A study of 21 noncanonical CNGB3 gene variants found that 16 disrupted RNA splicing, prompting the reclassification of most as disease causing. The findings are expected to enhance genetic diagnosis and clarify eligibility for gene therapy in achromatopsia.
The CNGB3 gene encodes a subunit of a cone photoreceptor channel essential for color vision. Mutations in this gene are a major cause of autosomal recessive achromatopsia, a rare inherited retinal disorder marked by poor color discrimination, low visual acuity, and photosensitivity.
Noncanonical variants—those located outside the conserved ± 1 or 2 splice site positions—are challenging to interpret and often labeled as variants of uncertain significance (VUS).

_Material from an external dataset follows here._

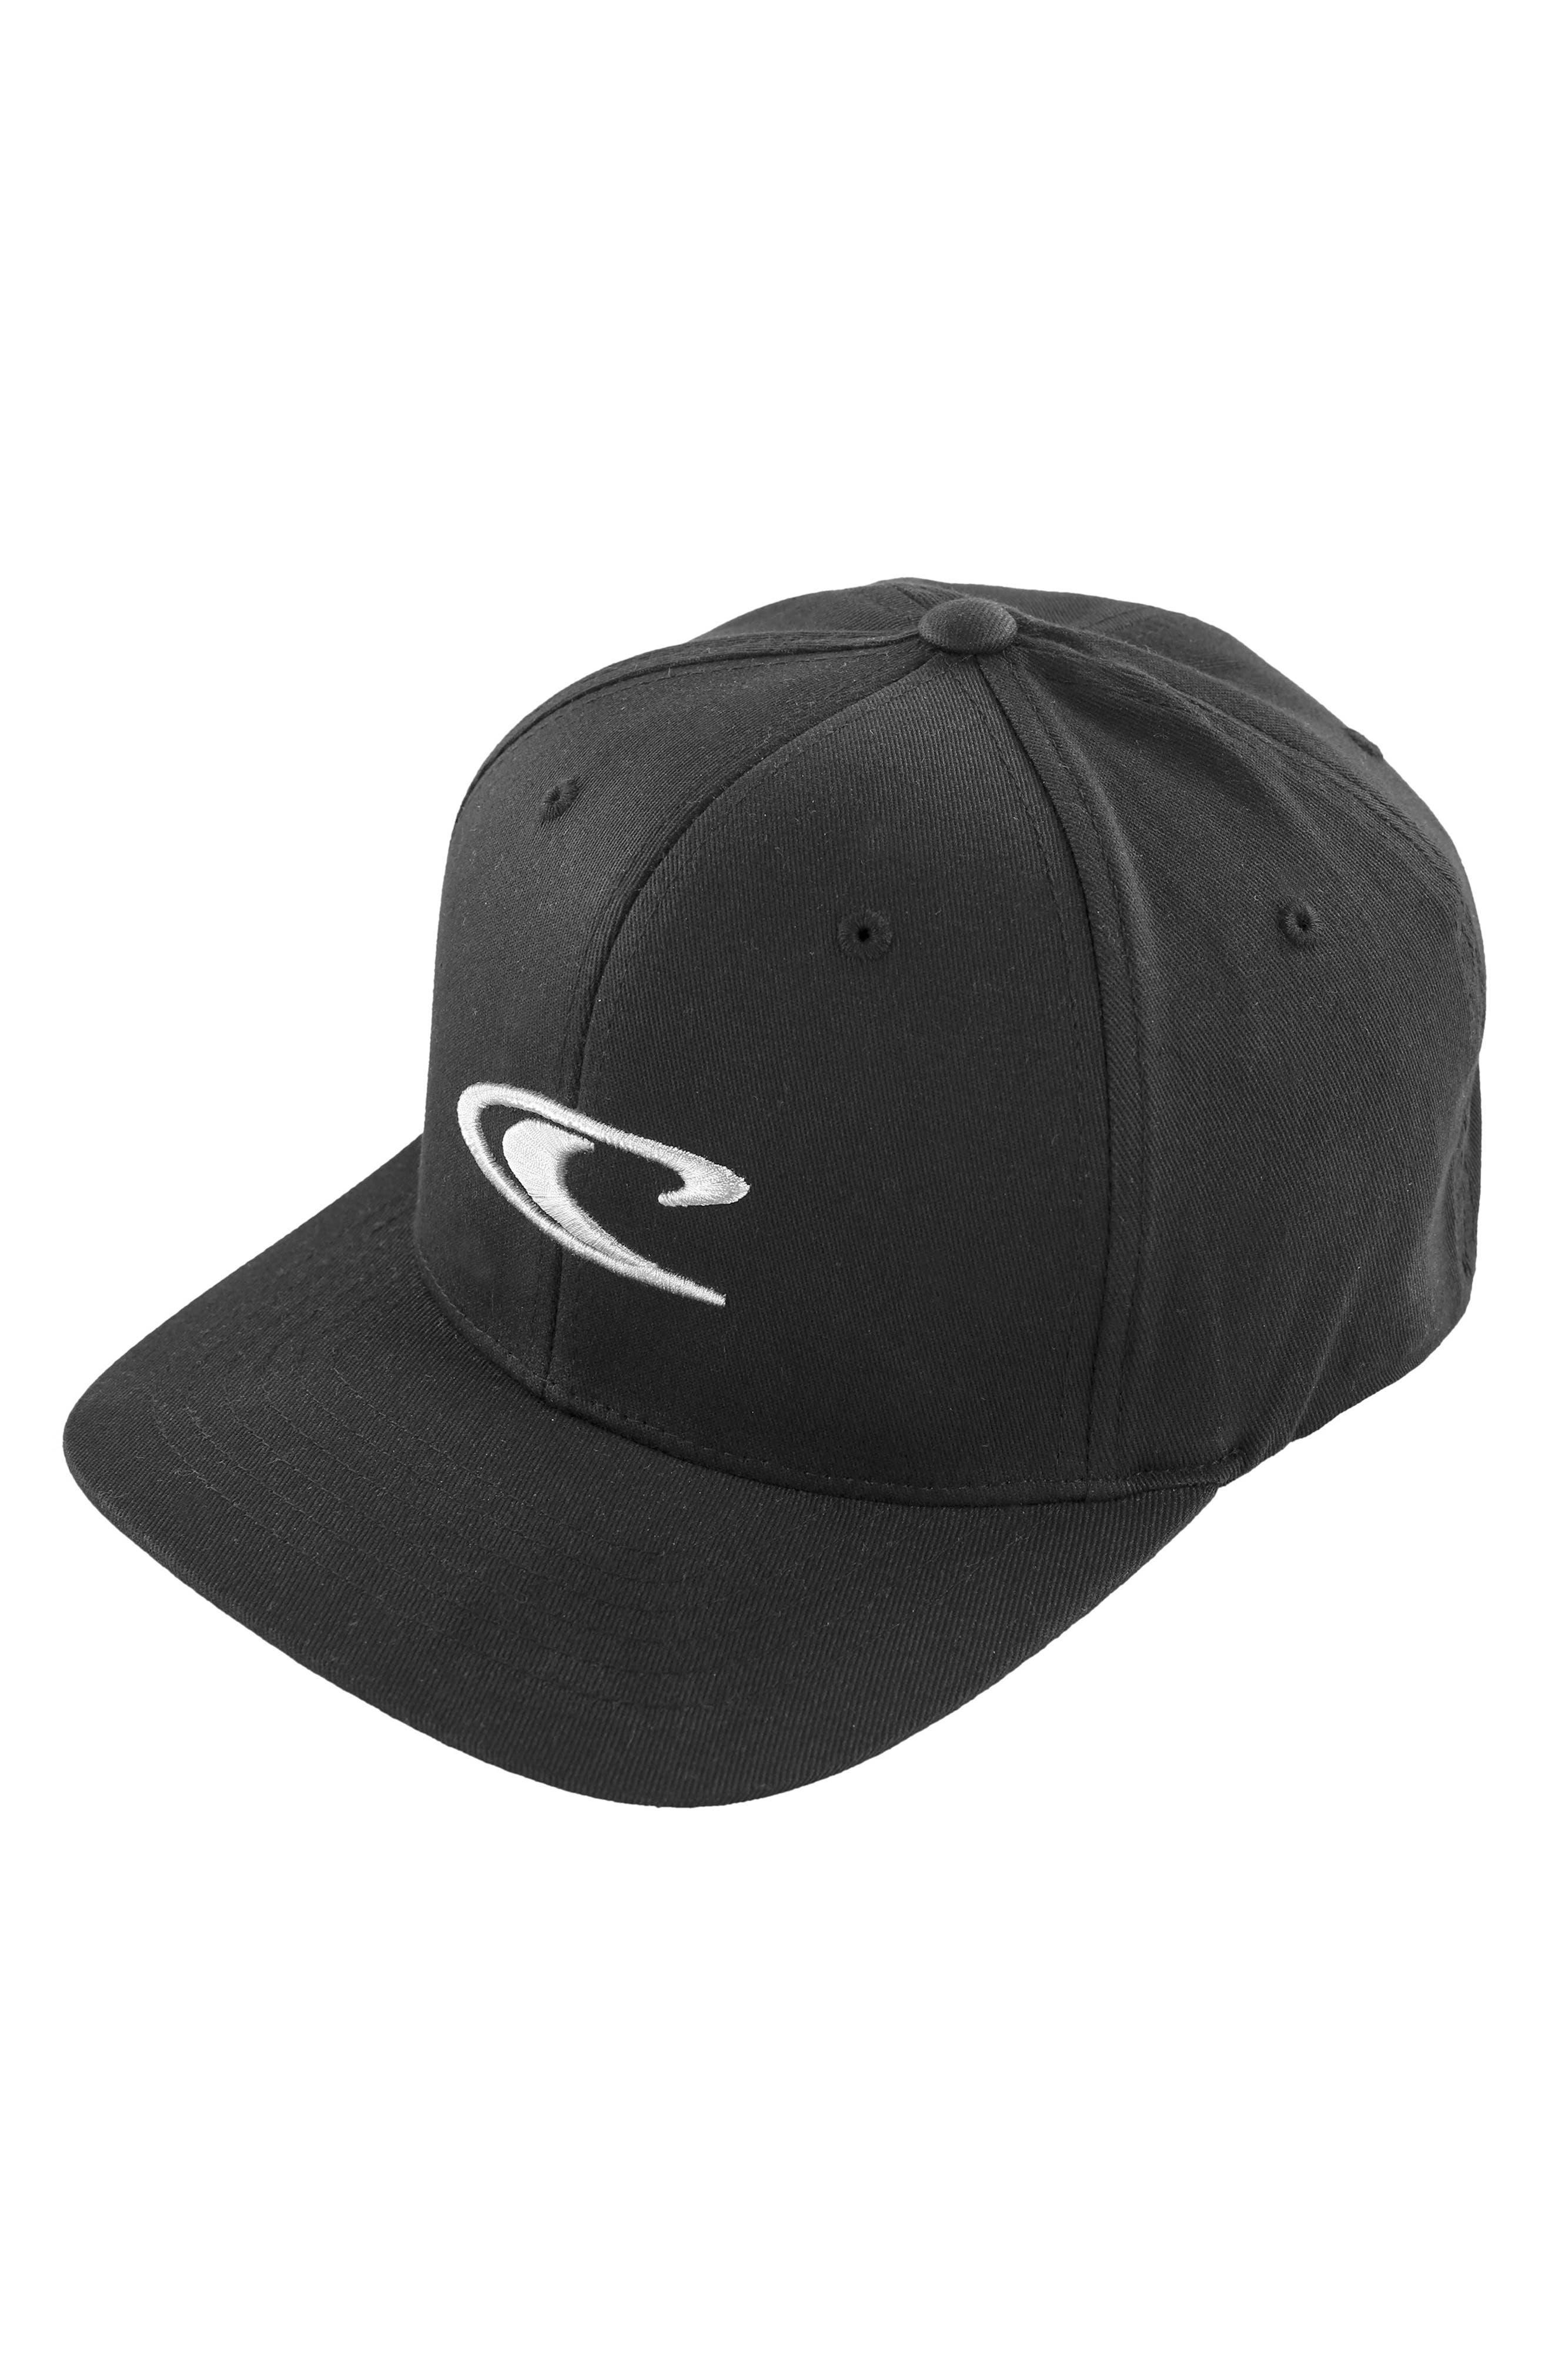 Clean & Mean Cap,                         Main,                         color, Black

This classification limits their clinical and therapeutic utility.
To determine the functional effects of these variants, the research team used vitro minigene splice assays in cultured cells, followed by cDNA sequencing and fragment analysis.
“Twelve of fourteen (86%) variants initially categorized as VUS were upgraded to likely pathogenic or pathogenic, enhancing the clinical utility of the genetic data,” said lead study author Katharina Rawnsley, of the Centre for Ophthalmology at the University Hospital Tübingen in Germany, and colleagues.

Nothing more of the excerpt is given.